### Data provided

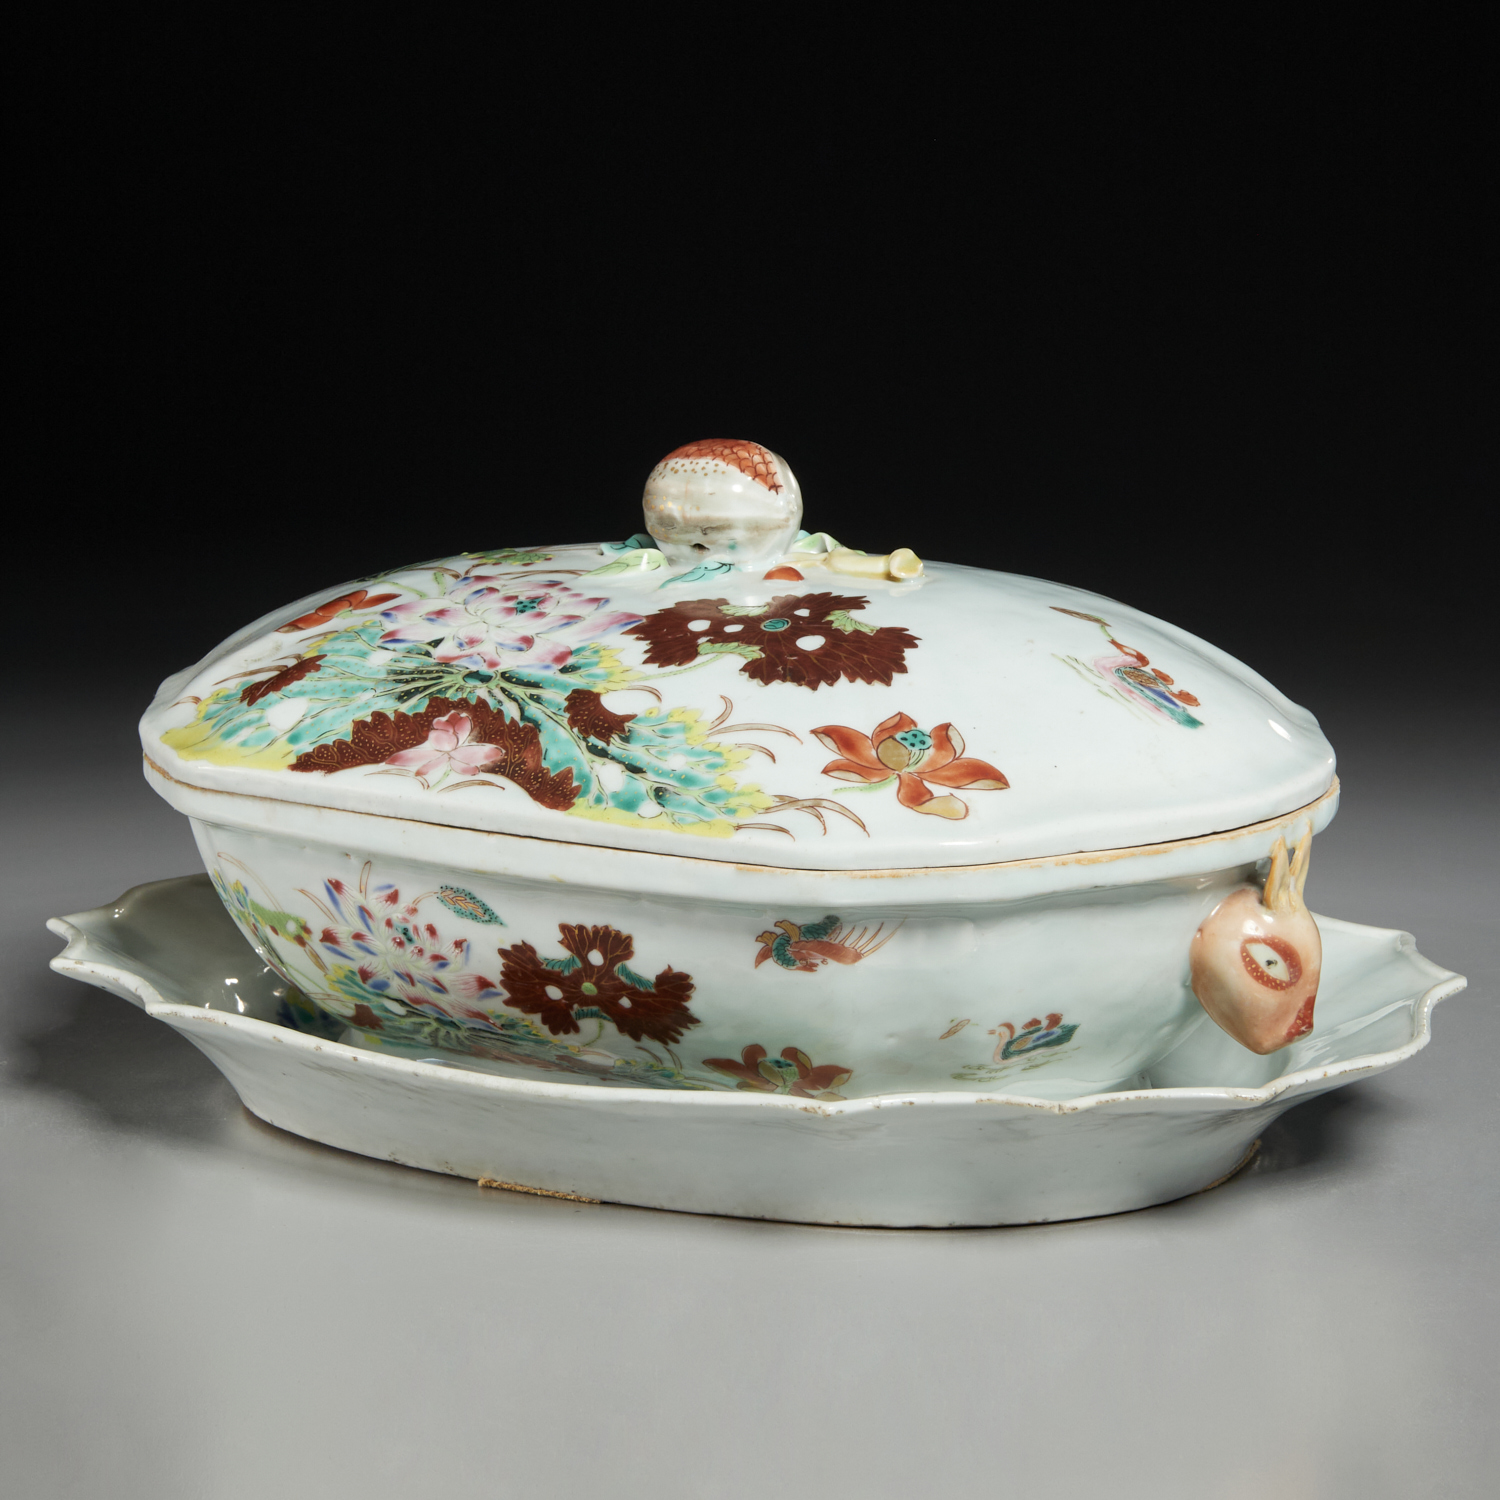 UNUSUAL CHINESE EXPORT TUREEN AND
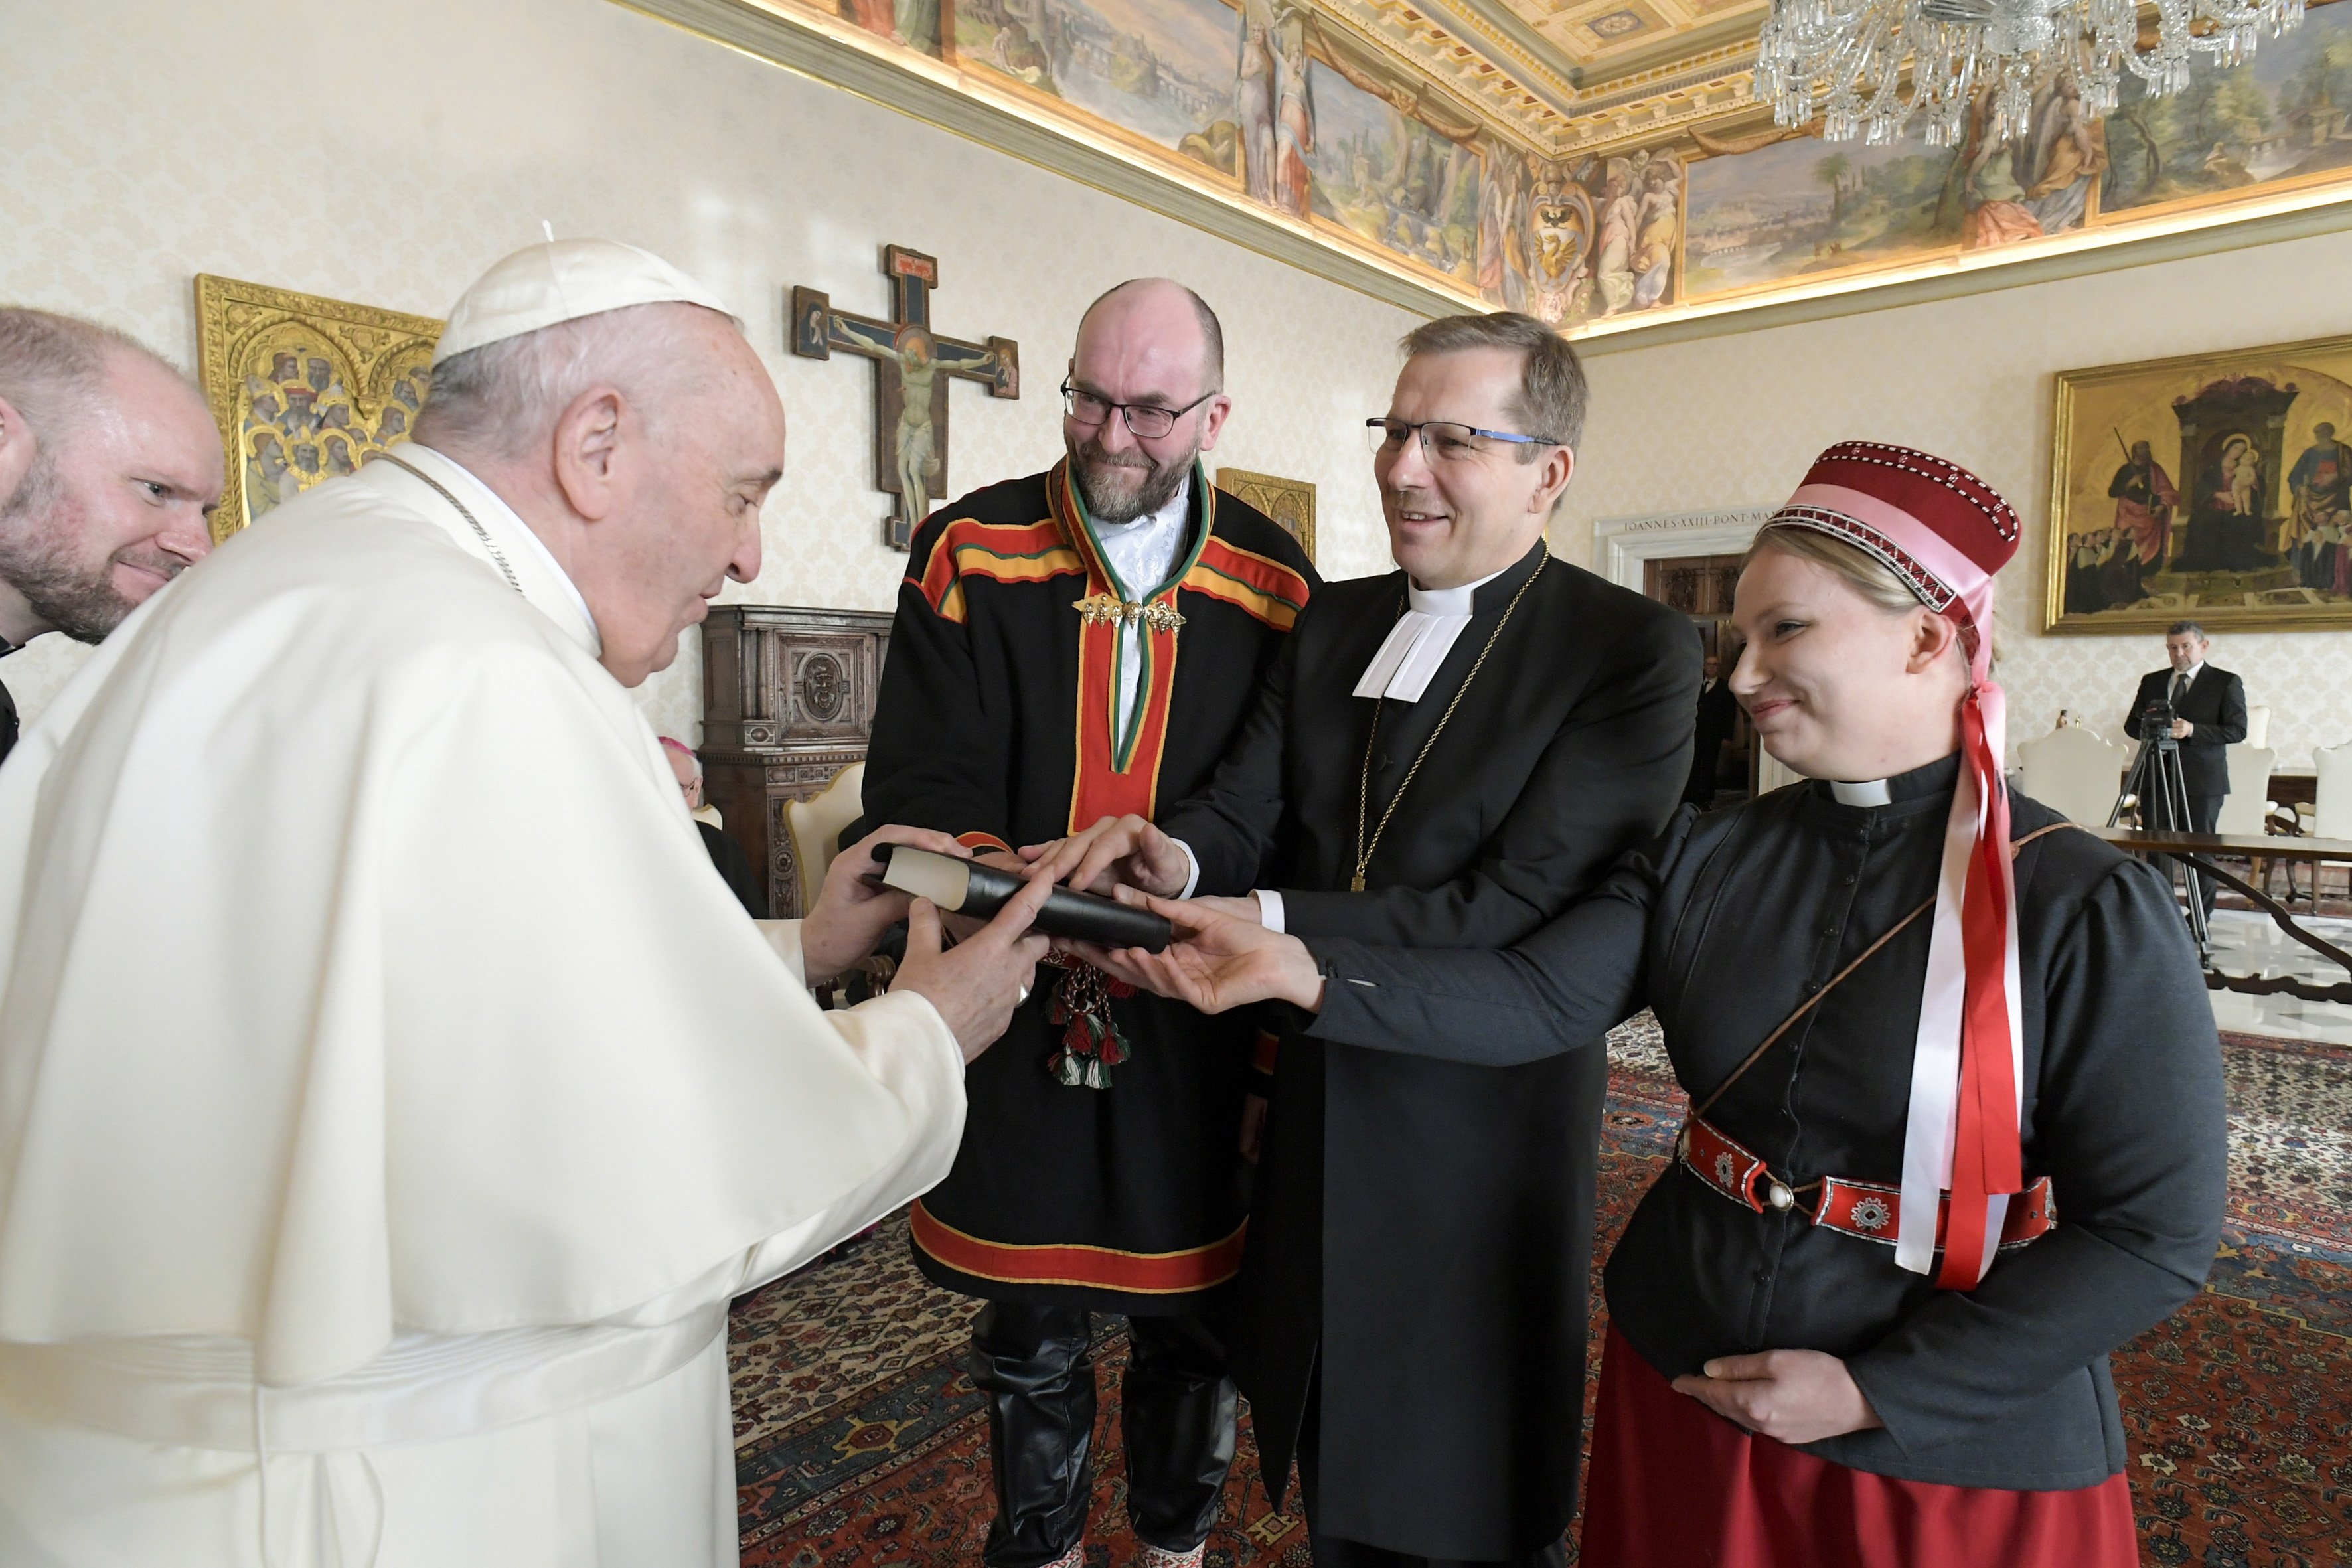 Pope Francis accepts a gift during an audience with an ecumenical delegation from Finland at the Vatican Jan. 17, 2022.  (CNS photo/Vatican Media)
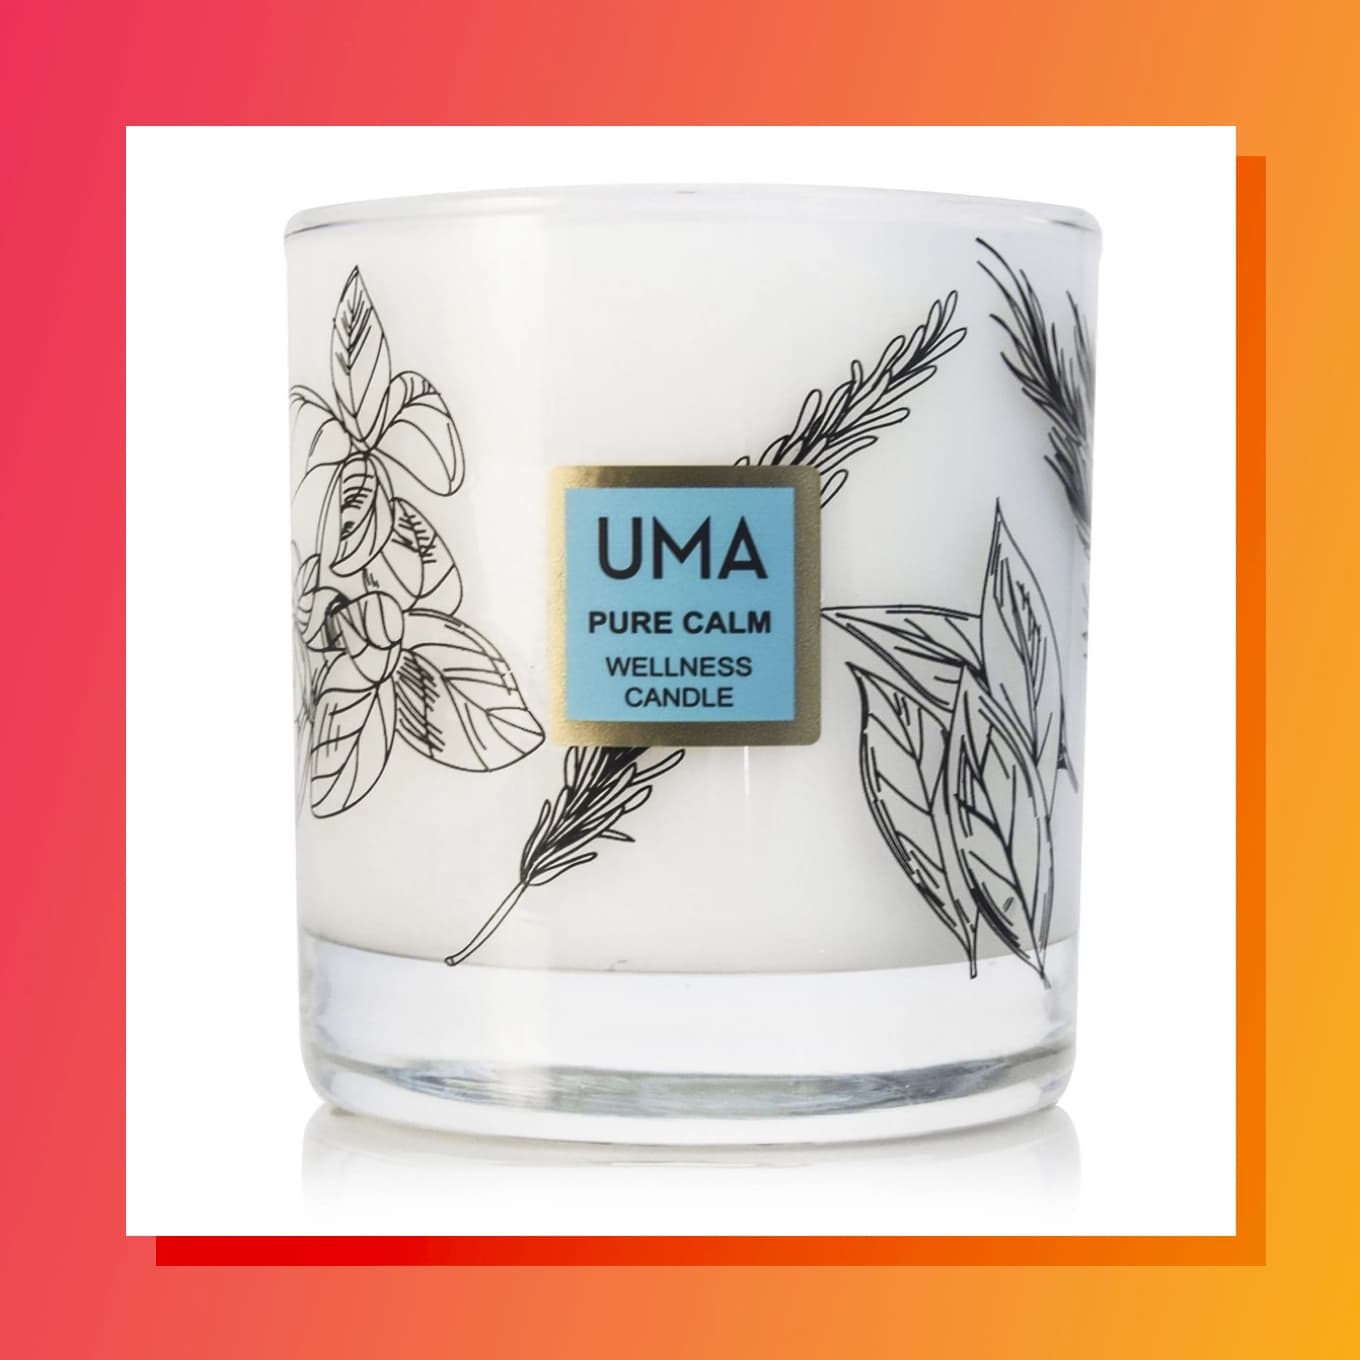 Label Un Candle that says Uma Pure Calm Wellness Candle
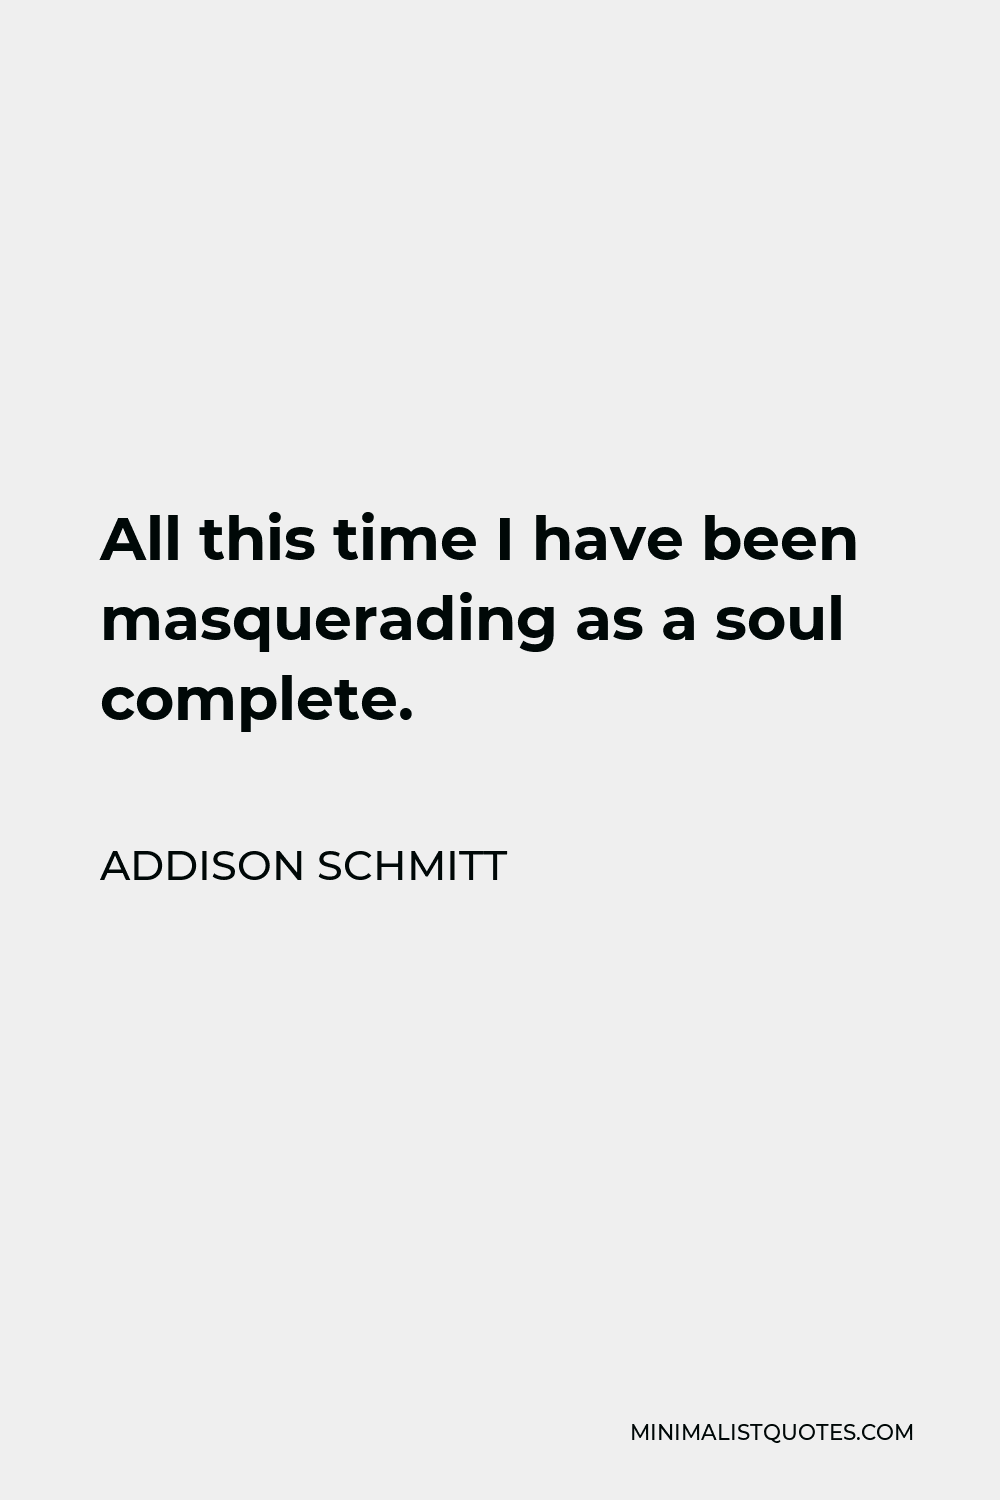 Addison Schmitt Quote - All this time I have been masquerading as a soul complete.

######

• Task requirements
Exact reproduction is required. Output only the lines from the one with "Label Un Candle" through the end of the listing above, both ends included, and no pictures.

• Result
 Label Un Candle that says Uma Pure Calm Wellness Candle
 Addison Schmitt Quote - All this time I have been masquerading as a soul complete.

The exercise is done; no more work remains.